DATA FOR ANALYSIS »
* * * * * * * * *
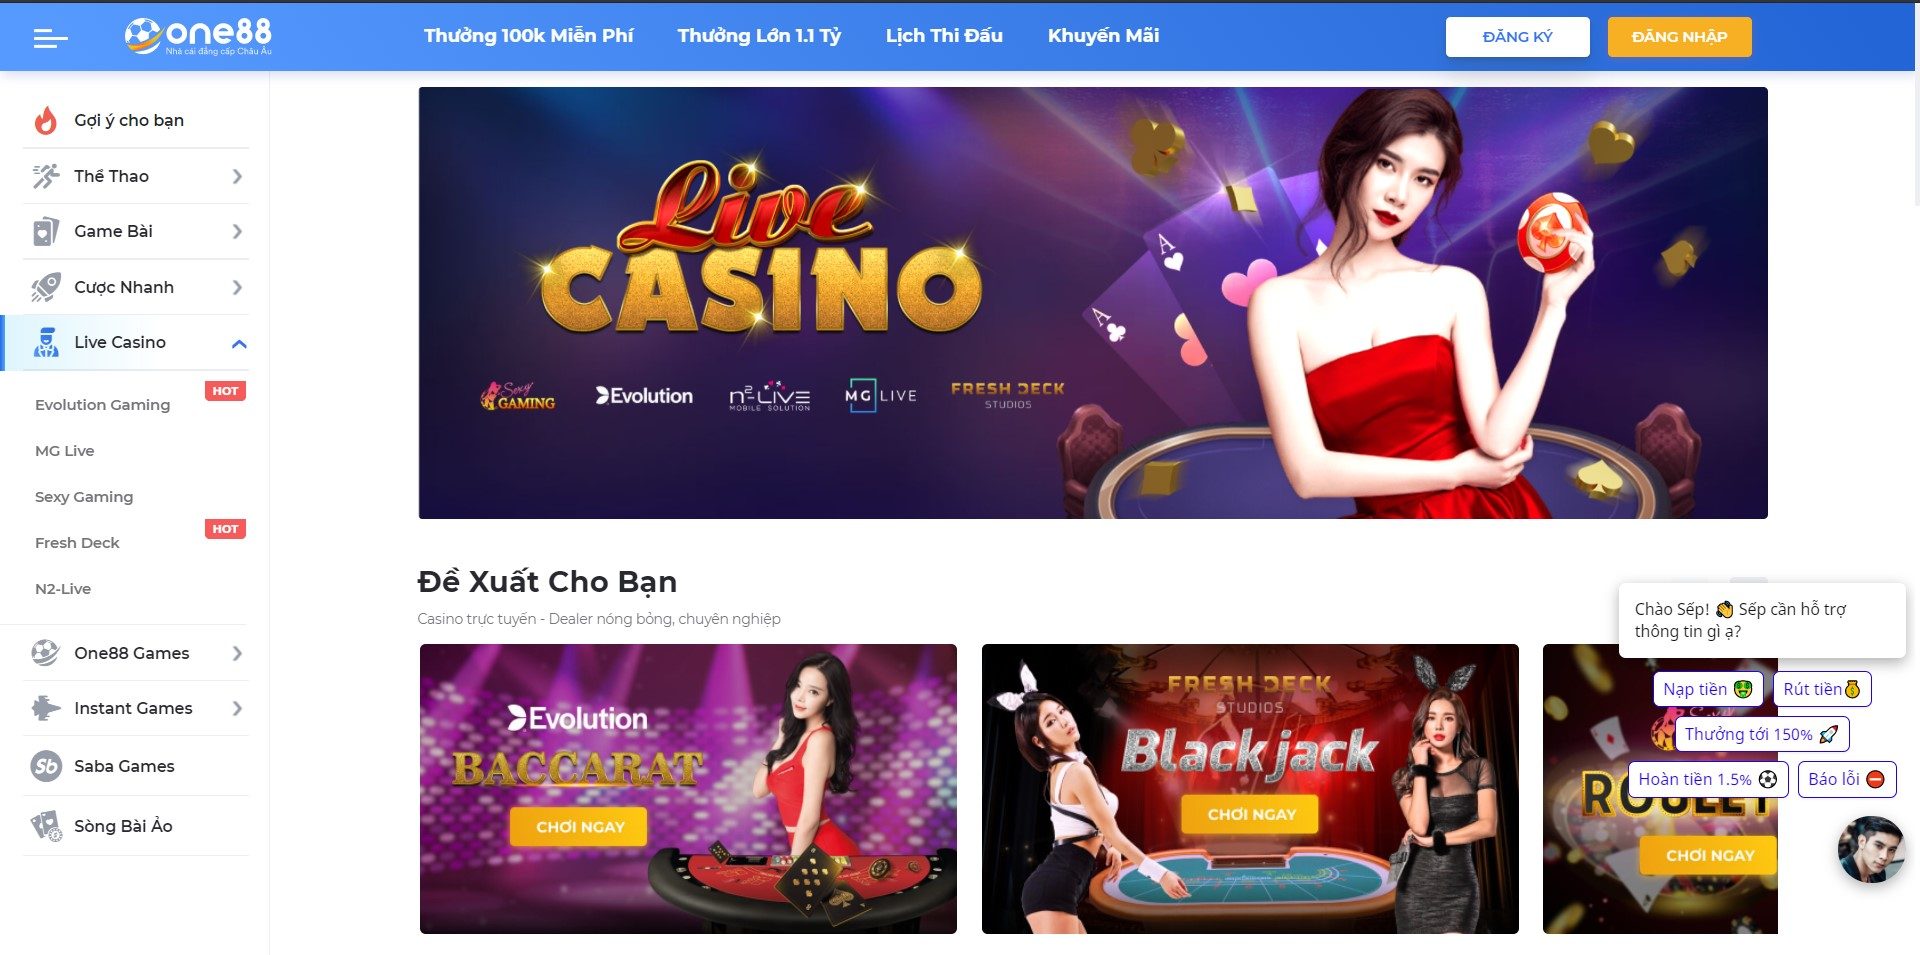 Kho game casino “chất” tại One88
* * * * * * * * *
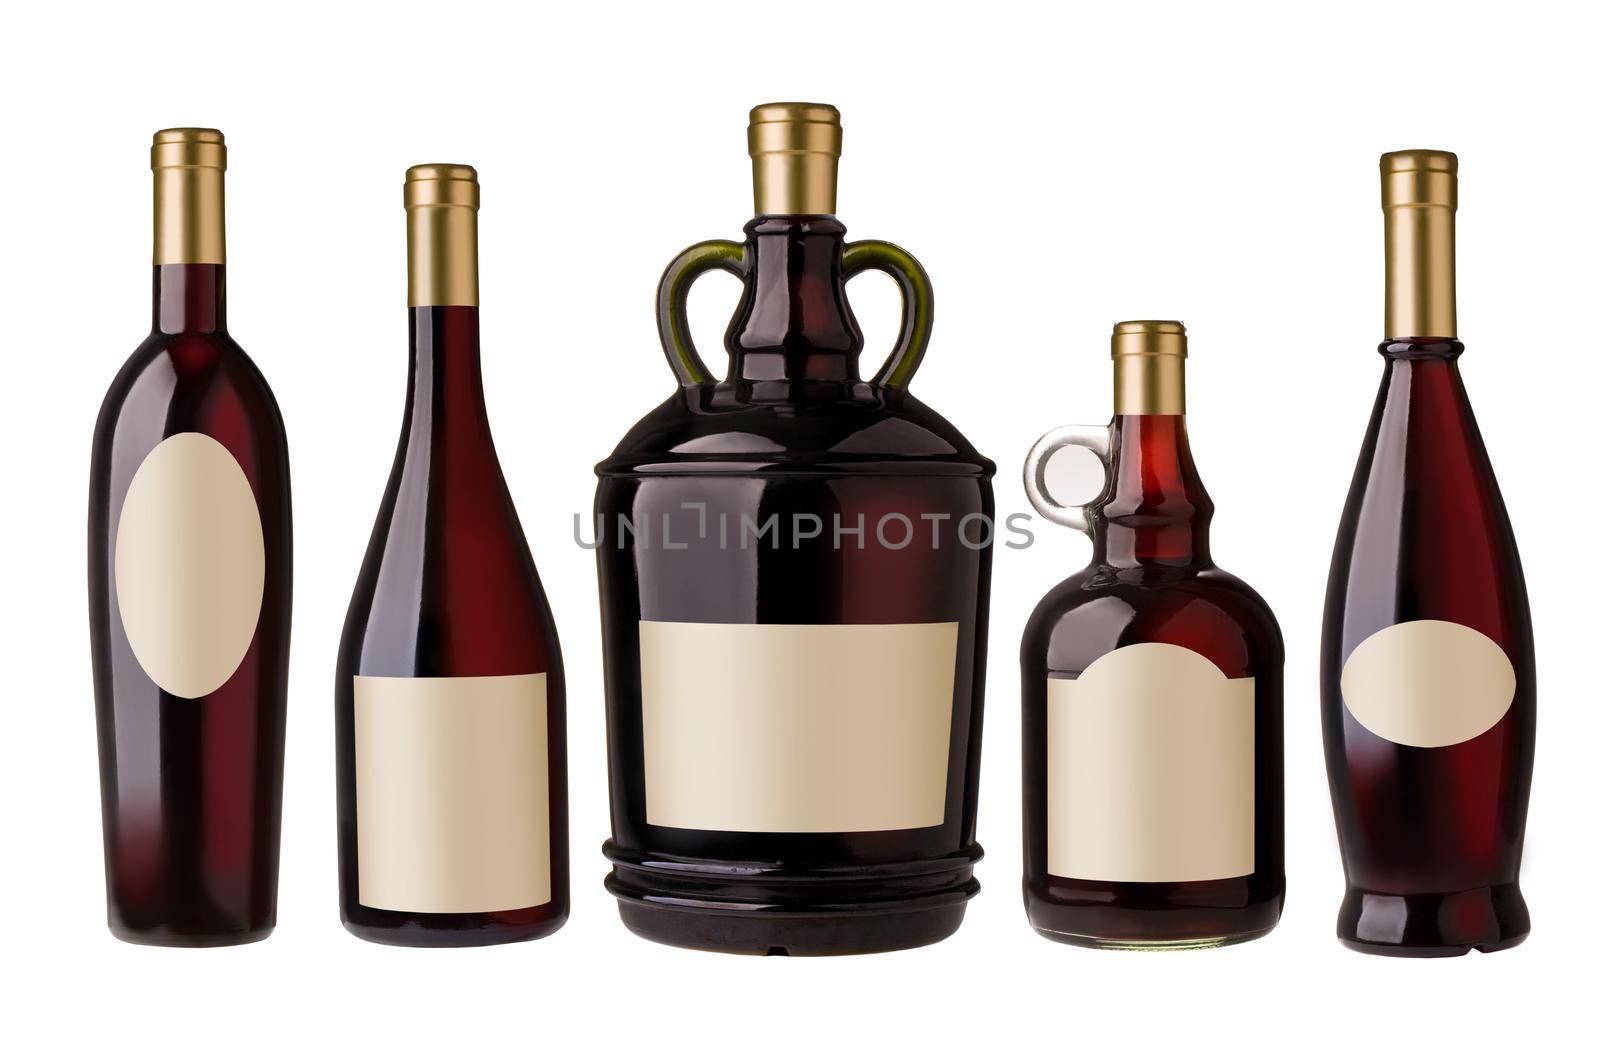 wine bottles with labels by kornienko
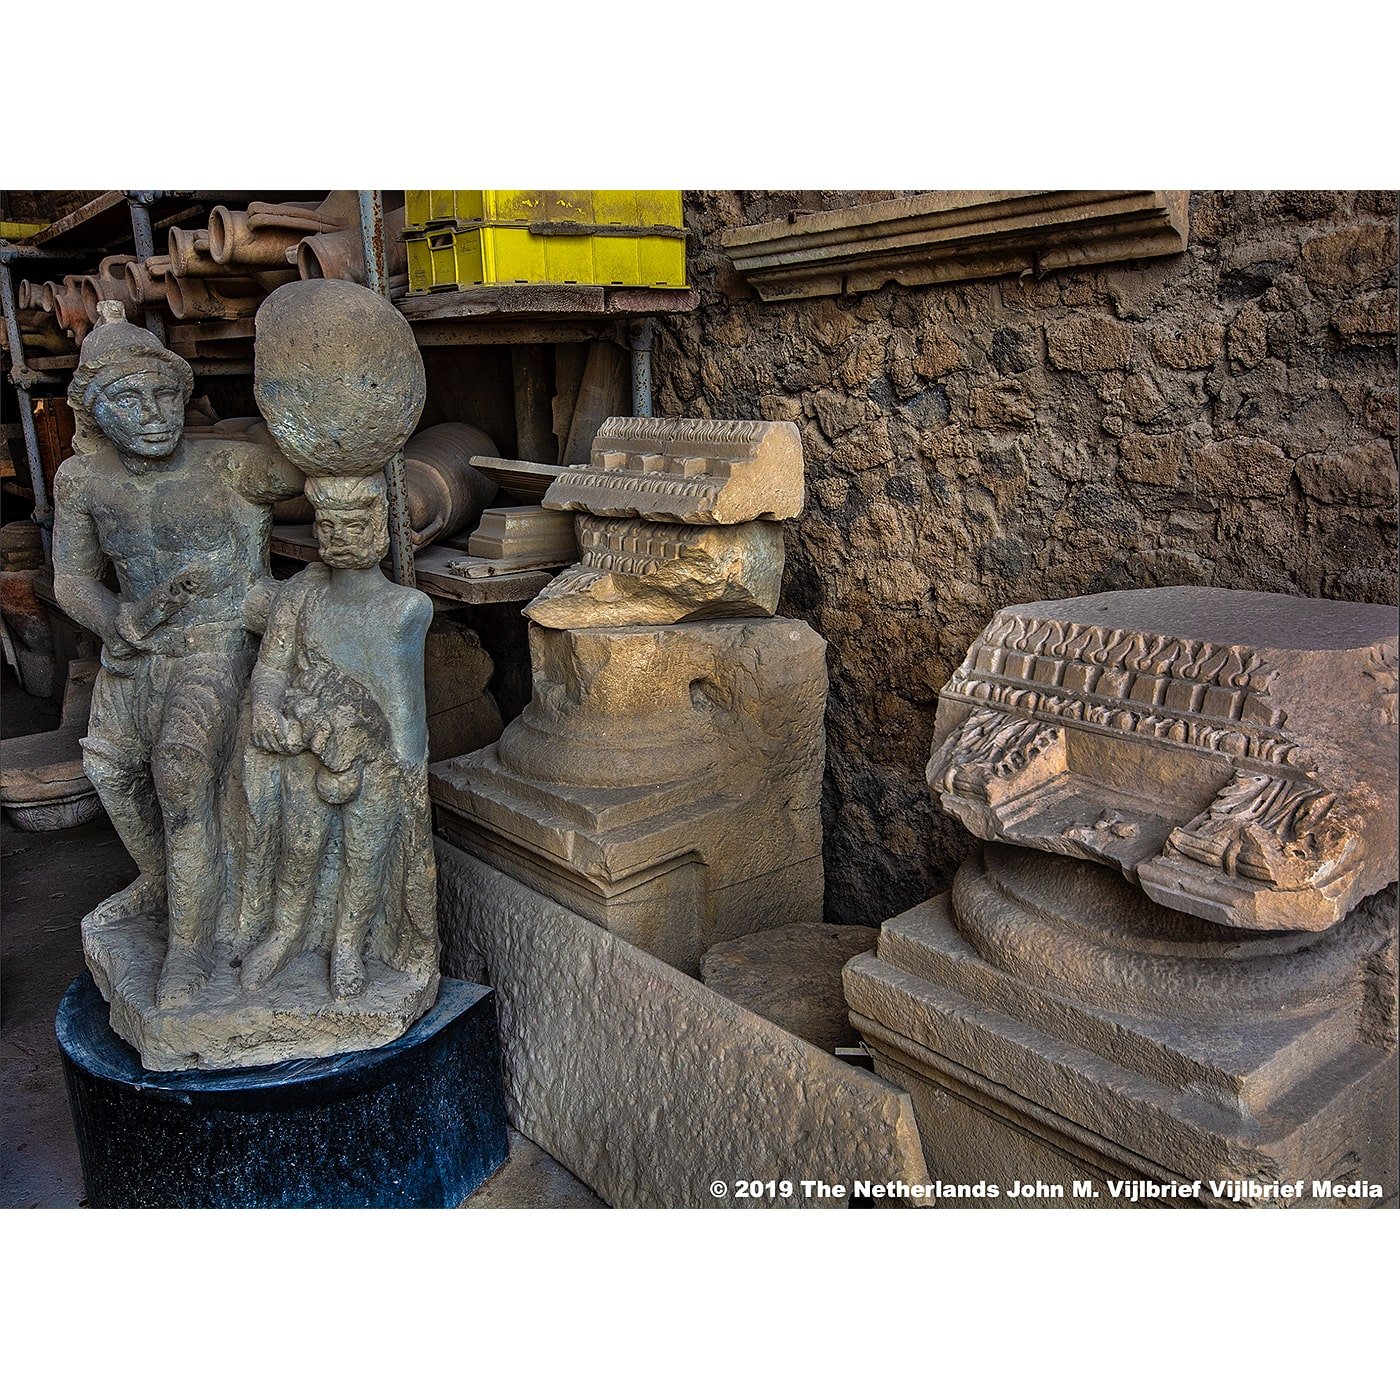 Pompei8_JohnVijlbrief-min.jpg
* * * * * * * * *
WORK TASK » An exact copy is needed. It runs from the line above containing "wine bottles with labels by kornienko" down to the line containing "Pompei8_JohnVijlbrief-min.jpg", both included, with no pictures.

PROBLEM SOLUTION »
 wine bottles with labels by kornienko
 Pompei8_JohnVijlbrief-min.jpg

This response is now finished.